Amateur radio is largely infrastructure independent. On the bicycle I can get around obstacles that would be impassable in a car.  Wtih high capacity batteries, and a reasonable power set on a high mountain top, I can achieve significant simplex range, thus allowing me to relay traffic over great distances, without any requirement for intermediate infrastructure.

“Ohh, I’ll just use the phone for that” you say.  Yeah, right.  Try that in the Lockyer Valley just now.  Many of the mobile phone towers went for a swim, as did the exchanges.  Areas around Grantham are without any forms of mobile or land-line based telephony.  And of course, no Internet.  The same situation was the case for people caught up in the Black Saturday bushfires down in Victoria.  I’d imagine communications are under very heavy strain in Christchurch at the moment.

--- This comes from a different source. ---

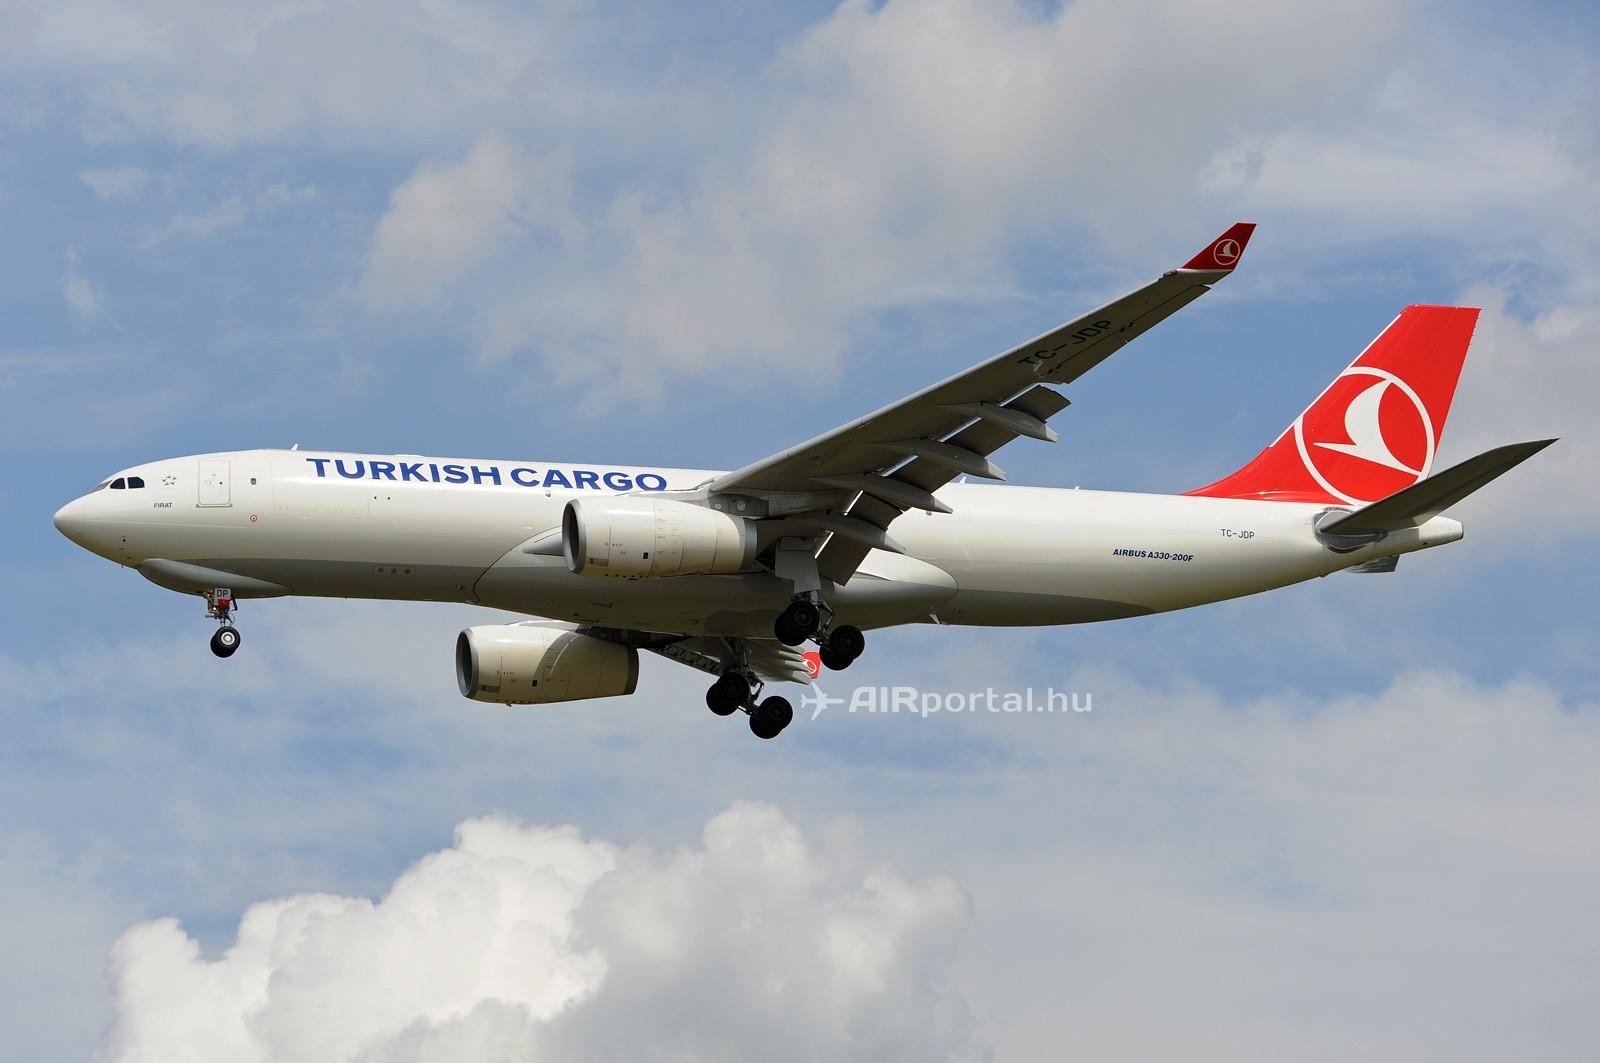 2011. augusztus 13-a, a Turkish Cargo járatával először érkezett Ferihegyre Airbus A330-200F típusú cargogép. (Fotó: Kovács Gábor - AIRportal.hu) | © AIRportal.hu

Mark Pesce made a very valid point in his LCA2011 keynote, communications can also be disrupted for political reasons, such as what has happened in Egypt and Lybia.  What do you do then?  Radio’s not perfect, but it sure beats being left without a means to let people know you’re okay.  With mobile phones, you are dependent on others to bring online infrastructure, before you can make a call from your phone to the other.  (Unless you experiment with something like the Serval Batphone, which has its limitations.)

So one does not completely replace the other.  They are complementary. The theory requirement keeps a lot of people away from amateur radio, however I’m happy to report I’ve never received a telemarketing call on the radio.   More to the point, there is more to amateur radio than just talking to people, just like there’s more to the police force than just arresting people.

As for me, radio has fascinated me for a long time.  I first became interested in radio from a very young age, but I particularly got into it after studying how it worked at university.  This is what lead me on to amateur radio.  So for me, it’s as much technical as it is social.  I enjoy meeting up and talking with people, but I also enjoy the experimental aspect of it.

At the moment, a large amount of my energy is going into bicycle mobile operation, particularly with regards to HF communications.  This does necessitate big antennas.  Antenna installations are always a trade-off between physical size, efficiency and band-width, and it can be a real challenge to get things working, but it’s rewarding when it pays off.

Some would argue: “Why bother? Just use a mobile phone.”  That’s like asking a car enthusiast, “why muck around under the bonnet when you can take your car to the garage down the road?”  Or to the avid gardener, “Why bother growing your own veges, there’s a greengrocer in the shopping centre?”.  Yes, they do exist.

I also would like to point out that the commercial world has gained lots from home experimenters.  You use a NAT router for your home Internet connection?  What’s the OS it runs?  Many run Linux.  Did we get Linux from a big commercial organisation originally?  No, it came from an avid homebrewer of operating system kernels, and was never intended to be “big and professional like gnu”.  Did we get Single Sideband from the commercial world?  No, it was an Amateur Radio inspired invention.  Likewise with a lot of high frequency design techniques that are in mobile phones today.  Heck, in the future we’ll probably be adding Codec2 to that list.

The world needs amateurs of all persuasions.  For this reason, declaring something “obsolete” just because you can do the subset of things you do with another more contemporary technology, is a short-sighted way of viewing things.  The amateur world benefits from the professional world, and vice versa.  It’s often the case that someone who works in a particular industry for a living, goes home then hacks on various projects related to that industry for fun in his/her spare time.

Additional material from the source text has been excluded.